Tamas Kiss is a Reader at the Department of Business Information Systems, and a principal researcher at the Centre of Parallel Computing, University of Westminster. He holds a Ph.D. in Distributed Computing. His research interests include distributed and parallel computing, cloud, cluster and grid computing. Tamas has been involved in several FP7 research projects such as CoreGrid, EDGeS, EDGI, SHIWA, and SCI-BUS, and FP7 support action projects such as DEGISCO, ER-flow and IDGF SP. He led and coordinated the application support activities and work packages in these projects. Tamas is currently the Project Coordinator for the CloudSME FP7 project that develops a cloud based simulation platform for manufacturing and engineering SMEs. He co-authored one book and more than 80 scientific papers in journals, conference proceedings and as book chapters.

Peter Kacsuk is the Director of the Laboratory of the Parallel and Distributed Systems in the Computer and Automation Research Institute of the Hungarian Academy of Sciences. He received his M.Sc. and university doctorate degrees from the Technical University of Budapest in 1976 and 1984, respectively. He received the kandidat degree (equivalent to Ph.D.) from the Hungarian Academy in 1989. He habilitated at the University of Vienna in 1997. He received his professor title from the Hungarian President in 1999 and the Doctor of Academy degree (D.Sc.) from the Hungarian Academy of Sciences in 2001. He served as full professor at the University of Miskolc and at the EötvösLóránd University of Science Budapest. He has been a part-time full professor at the Cavendish School of Computer Science of the University of Westminster. He has published two books, two lecture notes and more than 250 scientific papers on parallel computer architectures, parallel software engineering and Grid computing. He is a co-editorin-chief of the Journal of Grid Computing published by Springer.

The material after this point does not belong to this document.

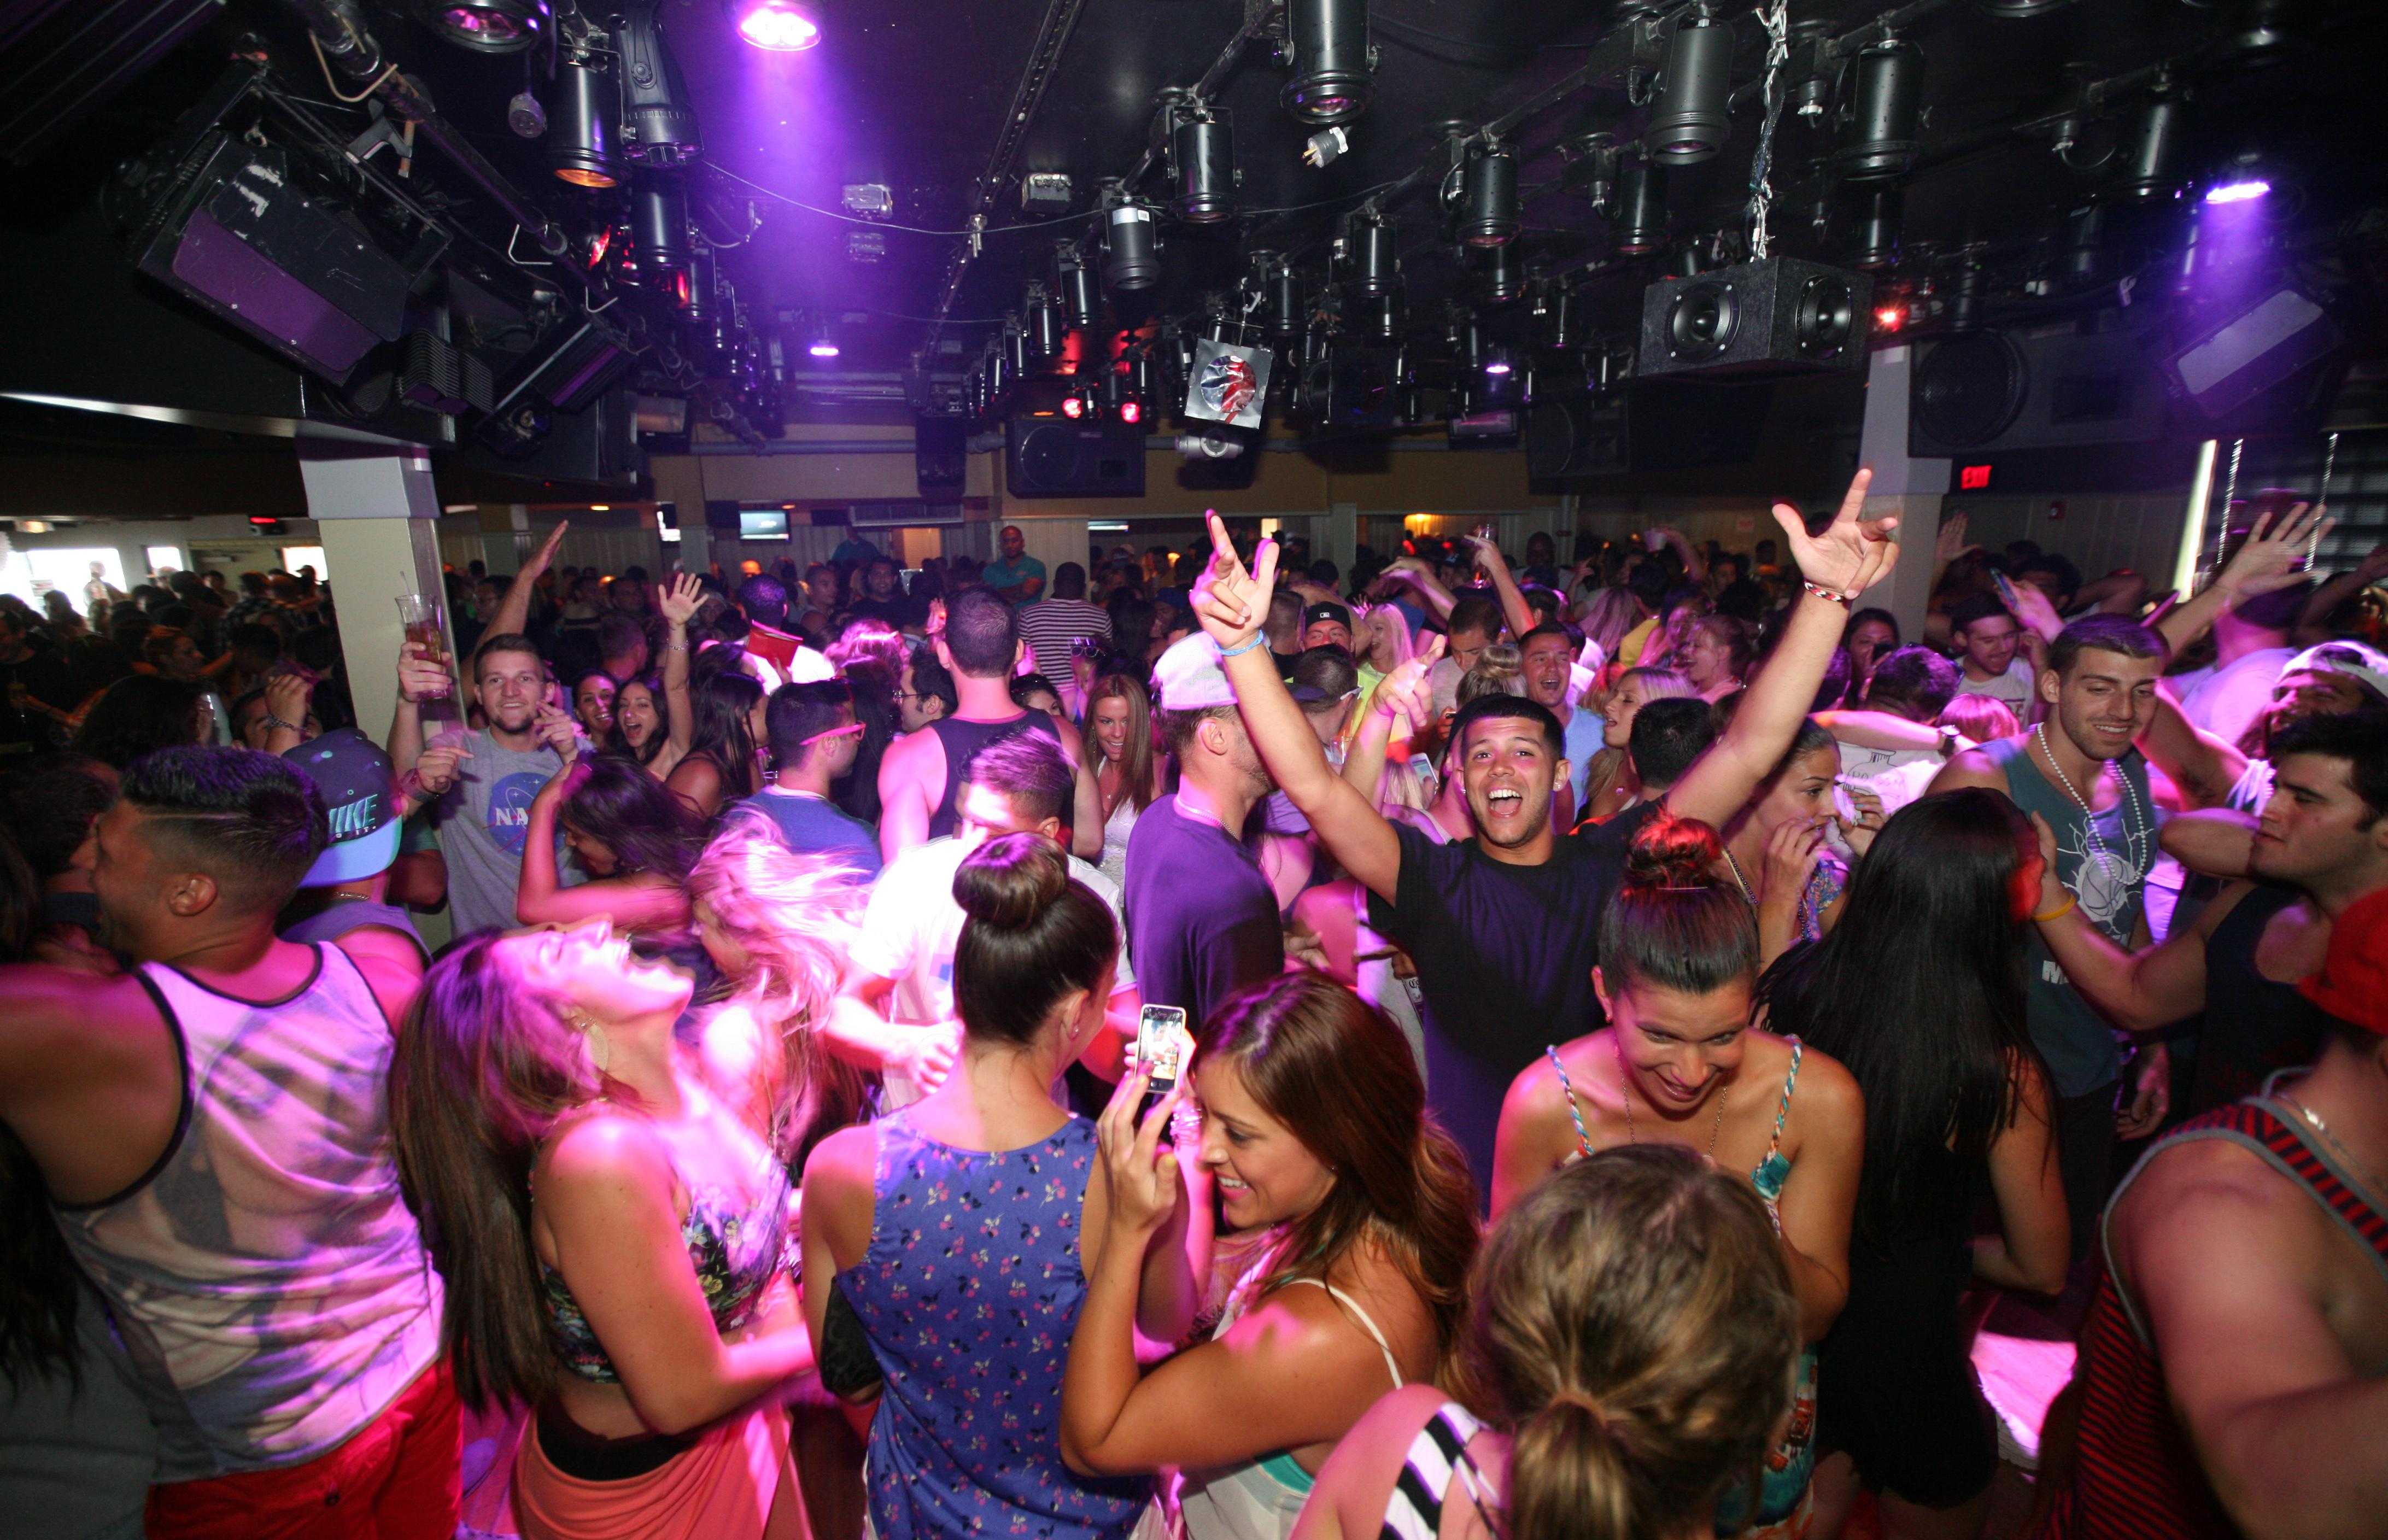 Jersey Shore nightlife waits in fear as coronavirus lingers. 'It's ...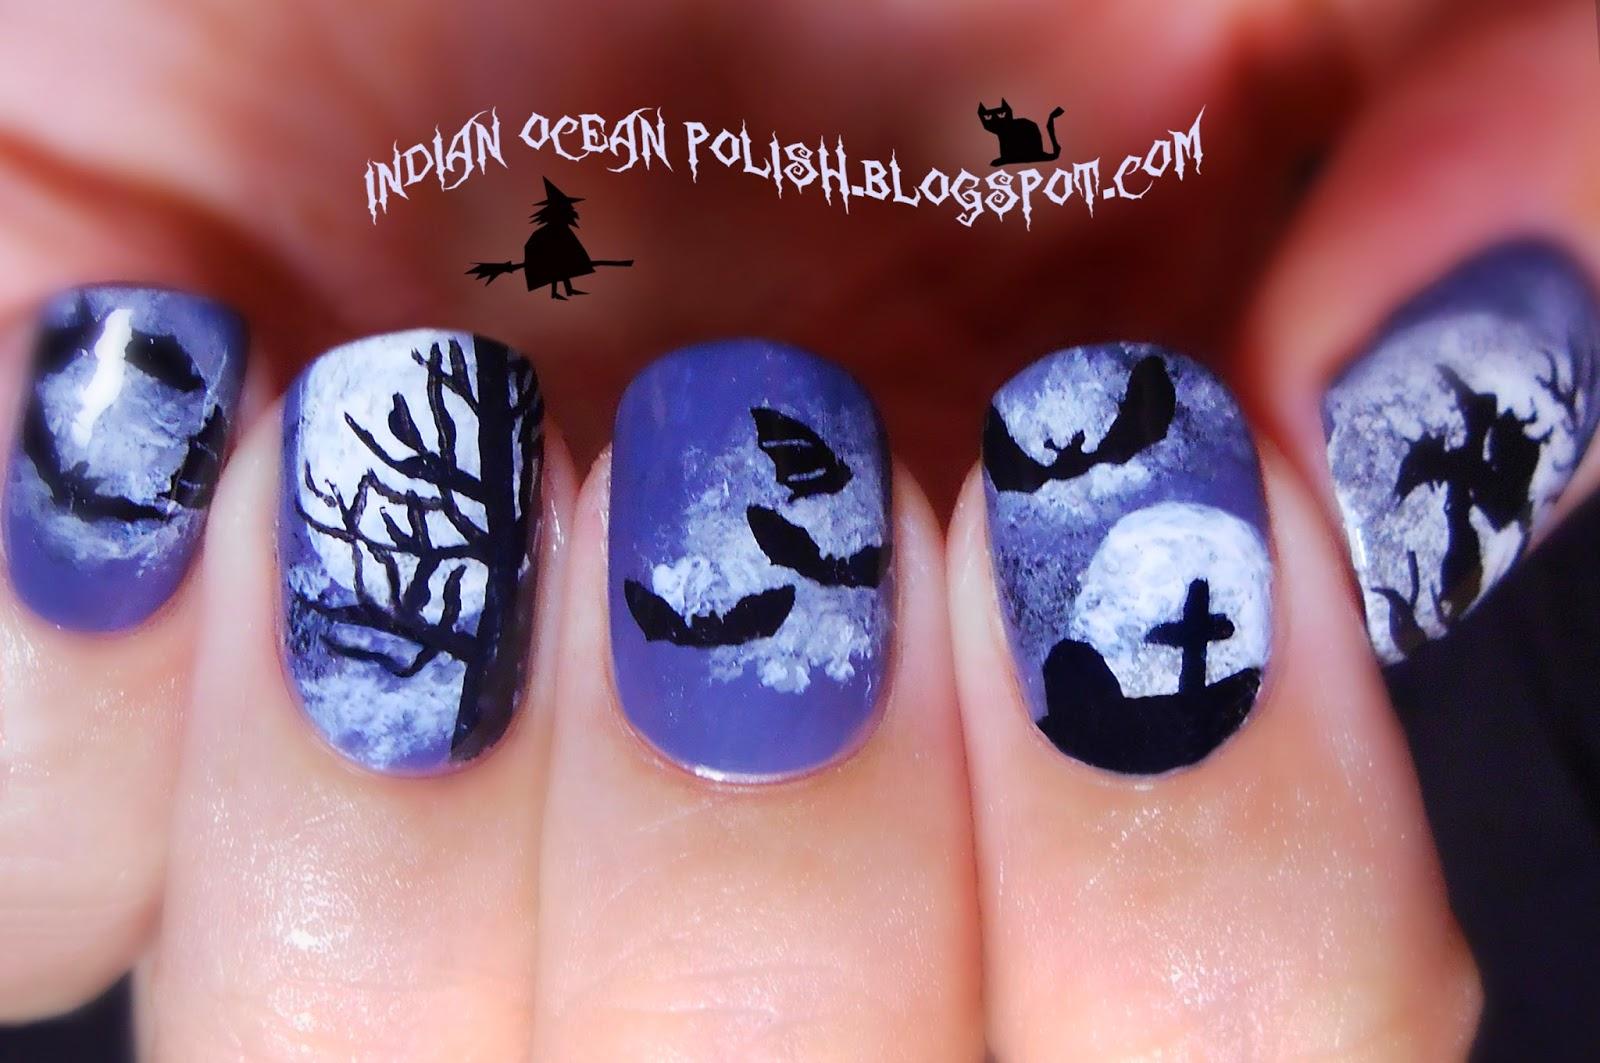 Indian Ocean Polish A Few Halloween Nail Art Ideas For 2013

Akos Balasko is working as a Research Fellow at the Laboratory of Parallel and Distributed Systems at the Computer and Automation Research Institute of the Hungarian Academy of Sciences from 2007, where he is a developer team member of WS-PGRADE Portal. He received M.Sc. degree from EötvösLóránd University of Sciences in 2008 in Computer Science, Systems and Software Engineering. Currently he is a Ph.D. student in the same institute. Main part of his profile is design and implement web-based interfaces for using distributed, grid and cloud systems, release management, and support scientific communities.

Gabor Terstyanszky is a professor at the School of Electronics and Computer Science, University of Westminster. He obtained M.Sc. and Ph.D. degree in Computer Science. Currently, he leads the Centre of the Parallel Computing at the University of Westminster. His research interest covers distributed and parallel computing. He made significant contributions to solving Distributed Computing Infrastructure and workflow interoperability. He was involved in several FP5 (WinPar), FP6 (ePerspace) and FP7 (EDGeS, DEGISCO, EDGI, SCI-BUS, SHIWA) research projects that address challenges of distributed and parallel computing, particularly infrastructure and workflow interoperability. He is the author and co-author of more than 100 hundred conference and journal papers and several book chapters. He was invited to Programme Committees of several major European and world conferences.

Zoltan Farkas has been a research fellow at the Laboratory of the Parallel and Distributed Systems in the Computer and Automation Research Institute of the Hungarian Academy of Sciences since 2002. He received his M.Sc. and Ph.D. from the Eotvos Lorand Science University of Budapest in 2004 and 2013, respectively. His research interests include grid computing, interoperability solutions, using standards and portal technologies. Within the Enabling Desktop Grids for e-Science (EDGeS) project he has created the core component of the grid interoperability solution, the 3G Bridge. Currently he is heading the portal team at MTA SZTAKI LPDS. He is a coauthor in more than 30 scientific papers in journals and conference proceedings on grid computing.